Ко мне вошла Авдотья, женщина высокого роста, подала мне письмо и фартуком закрыла глаза. Я читаю:
"Любезной супруге моей Авдотье Михайловне земным поклоном кланяюсь. Любимому сыну мому Миколаю Григорьеву шлю отцовское благословение, на послушание матери своей и почтение родительское. Сохранять в вере святой. Штыковою раною сквозь лежу в госпитале втором Гренадерского дивизиона. Рукою не мощью, жду часа преставиться к Престолу Творца Всевышнего. Отдай, Авдотья, сапоги новые Миколаю, пускай сенца вставит, по ноге, может, придется. Суконну поддевку продай, смотряй, обманом не обманись. Мене двенадцати не отдавай".
* * *
Зима. Засыпало снегом. Вижу я, на деревне в сумерках светятся огоньки в окнах изб деревенских. В окне избы Авдотьи не горит огонь. Стоит Авдотья в рваном тулупе у плетня и смотрит в даль дороги, на поворот, в лес. Долго смотрит. И пойдет домой, наклоня голову. Затеплит лампаду у иконы, покроет скатертью стол, накрошит редьки, польет квасом, сядет за стол, напротив положит ложку. И говорит:
-- Поешь, Андрюша... Найдет ли Колька тебя? Где найти?.. Убили, знать, тебя вороги. Не хочу я чай без тебя пить, не буду. Говорил Колька -- найду отца. Да где же?.. Мал он еще. "До Престола дойду, а найду",-- говорил. Где ж найти... Эх, горе... вот оно што... Рать на рать идут... Пошто велел Арханген?.. Поешь со мной, Андрюша, люб ты мне, ох, люб. Светел, как сине утро. Ишь, краса в тебе какая -- нездешняя, кровины нет капли в тебе, полил землю родиму...
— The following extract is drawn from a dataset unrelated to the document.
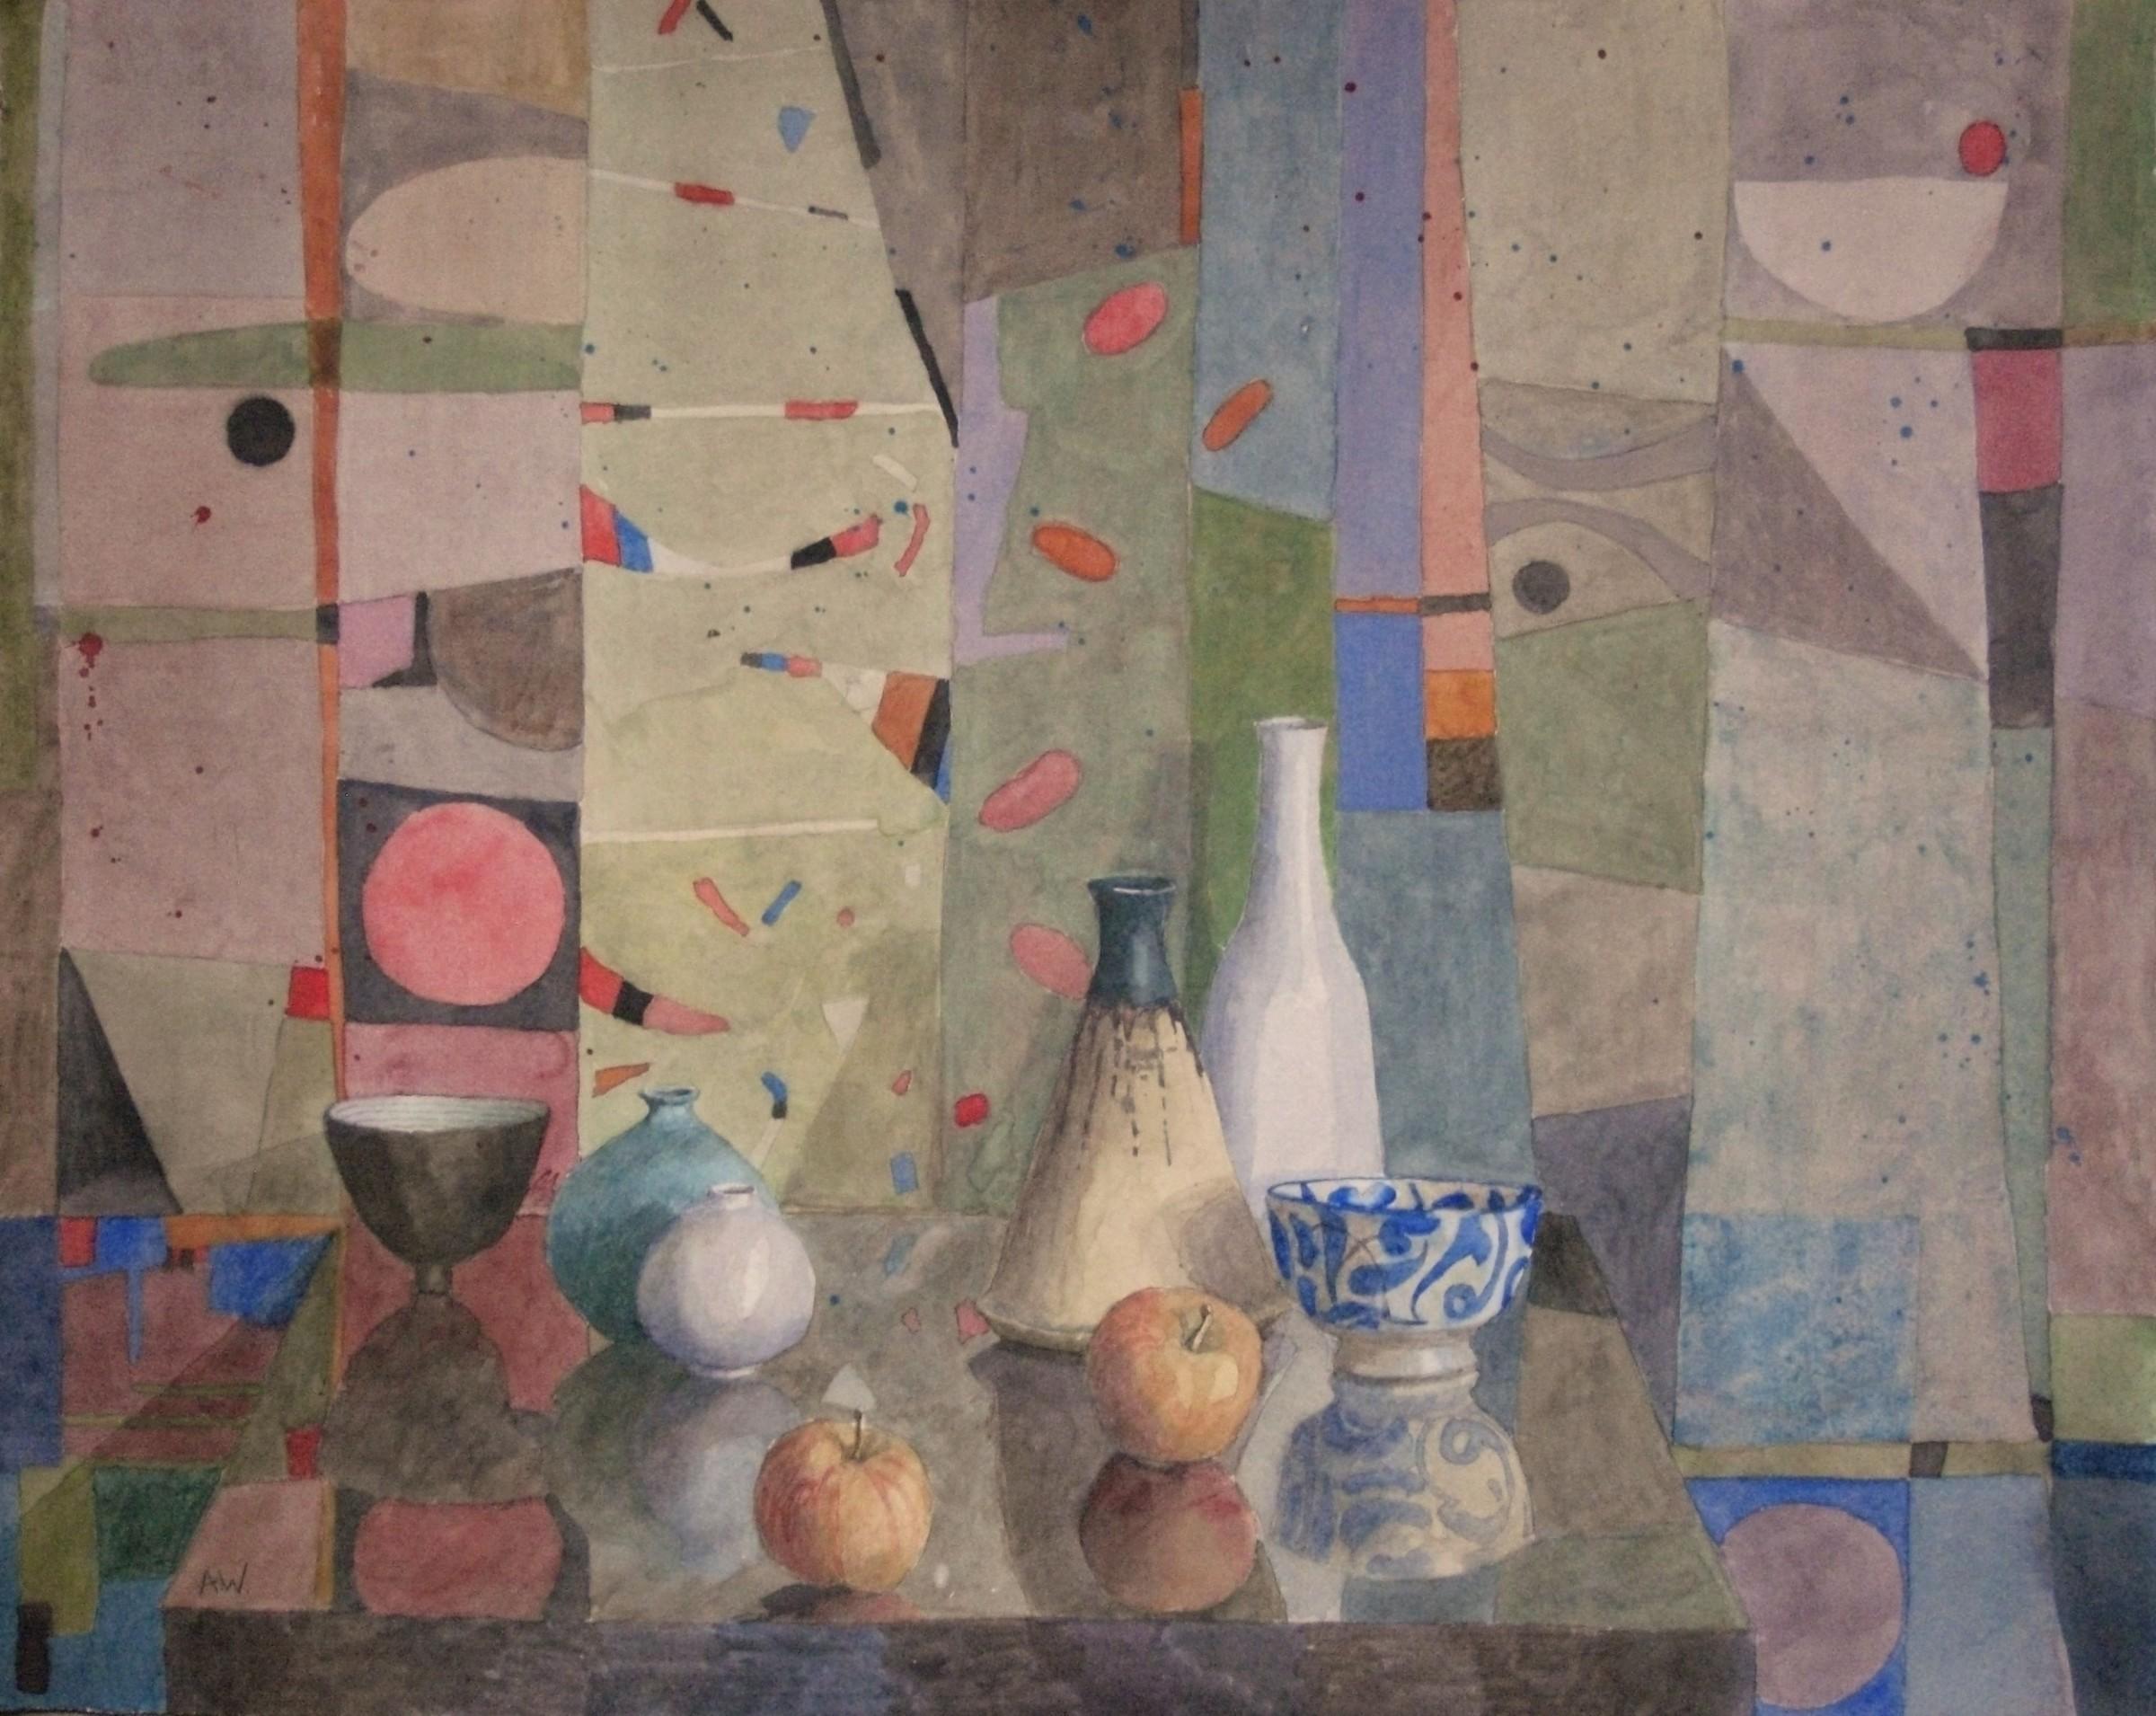 <span class=&#34;link fancybox-details-link&#34;><a href=&#34;/exhibitions/24/works/artworks_standalone10815/&#34;>View Detail Page</a></span><div class=&#34;artist&#34;><span class=&#34;artist&#34;><strong>Annie Williams</strong></span></div><div class=&#34;title&#34;><em>Still Life with Two Apples</em></div><div class=&#34;medium&#34;>watercolour</div><div class=&#34;dimensions&#34;>58x67cm</div>

И все говорит, говорит Авдотья. Заполночь уже. К утру заснет за столом...
Утром затопит печь и ничего для себя не печет -- неохота. Кому есть, для кого готовить. Пожует краюху хлеба и пойдет к плетню -- посмотреть на дорогу дальнюю...
Никуда не ходит в гости. Да и к ней никто не идет. Скушно.
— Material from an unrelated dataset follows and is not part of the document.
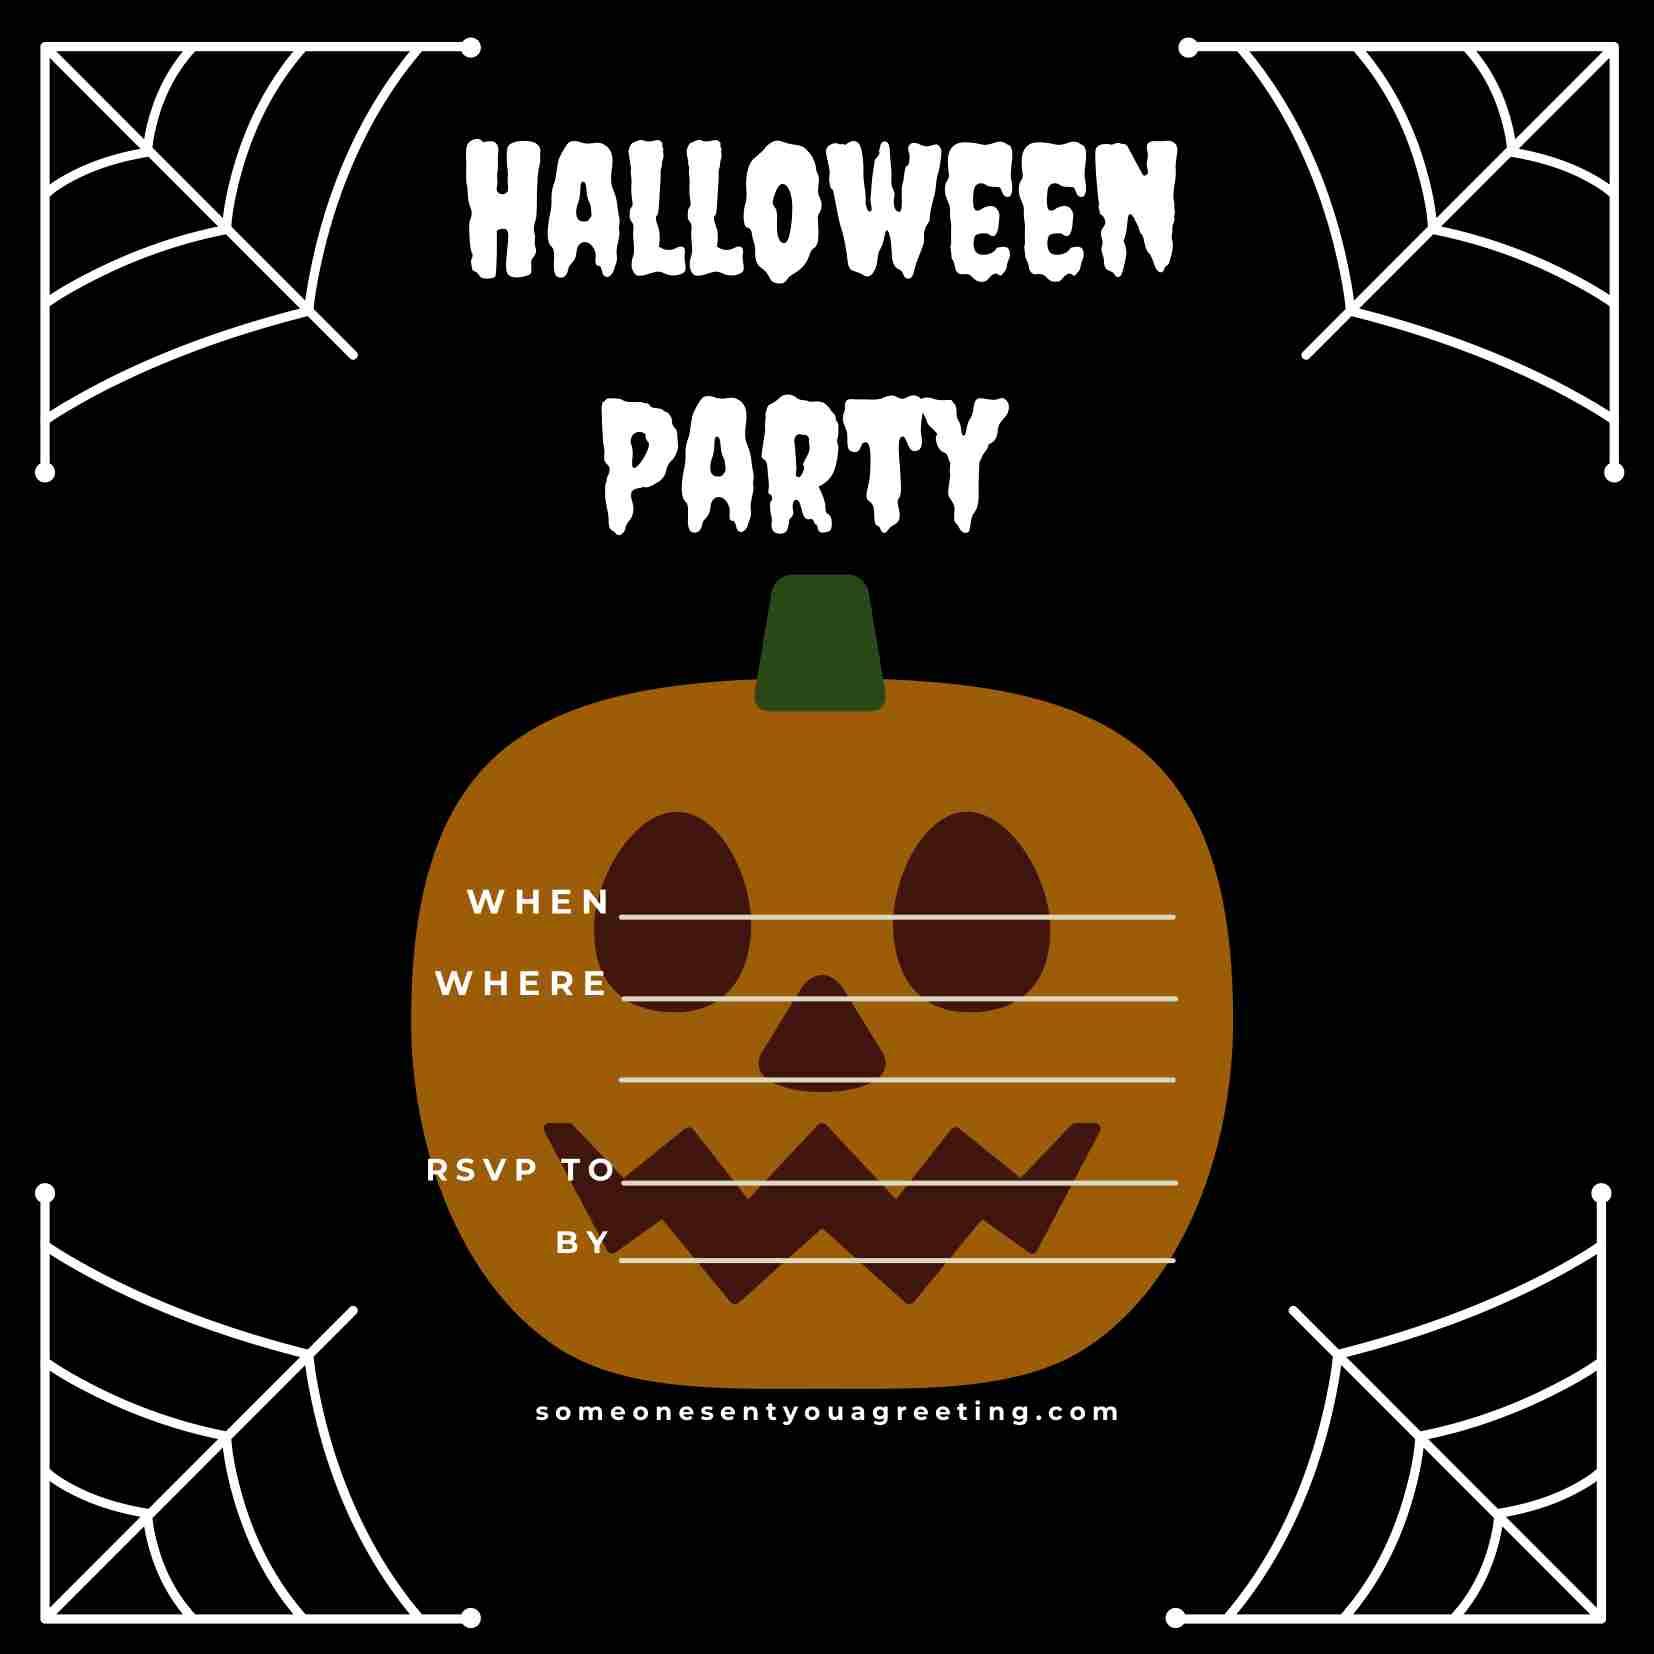 Halloween Party Invitation sample

-- Эх! -- говорят.-- Авдотья горе мыкает. Все ждет -- думает, муж приедет. Да, приедешь оттелева. Эка там чего: немцы, турки, арапы, еще хранцуз да штанглинец с им. И-и... И сколько их на Рассею идут... Где ж тут вернуться. Нет, не вернется.
* * *
Потом деревенские говорили:
На холмах Галиции к утру смолк вой артиллерии. Шел долгий бой. В окрестностях Кременца снесен артиллерийским огнем какой-то городок. Кусок церковки белеет, как срезанная пасха; мусор разбитых домов, щебень, грязь, глина... Кой-где торчит остаток печи... Стаи воронья носятся и с криком опускаются кучей, отыскивая добычу. Из глины и мусора выглядывает грязный сапог и в нем часть ноги: расшиб снаряд, и человека нет. Около сапога -- собака кривая, Волчок. Не дает клевать воронам ногу... Смотрит Волчок одним глазом, и в глазу кривой собаки скорбь тяжкая и недоумение. Глядит, сядет, поднимет морду кверху и тихонько завоет...
Издох кривой Волчок у сапога друга своего Кольки...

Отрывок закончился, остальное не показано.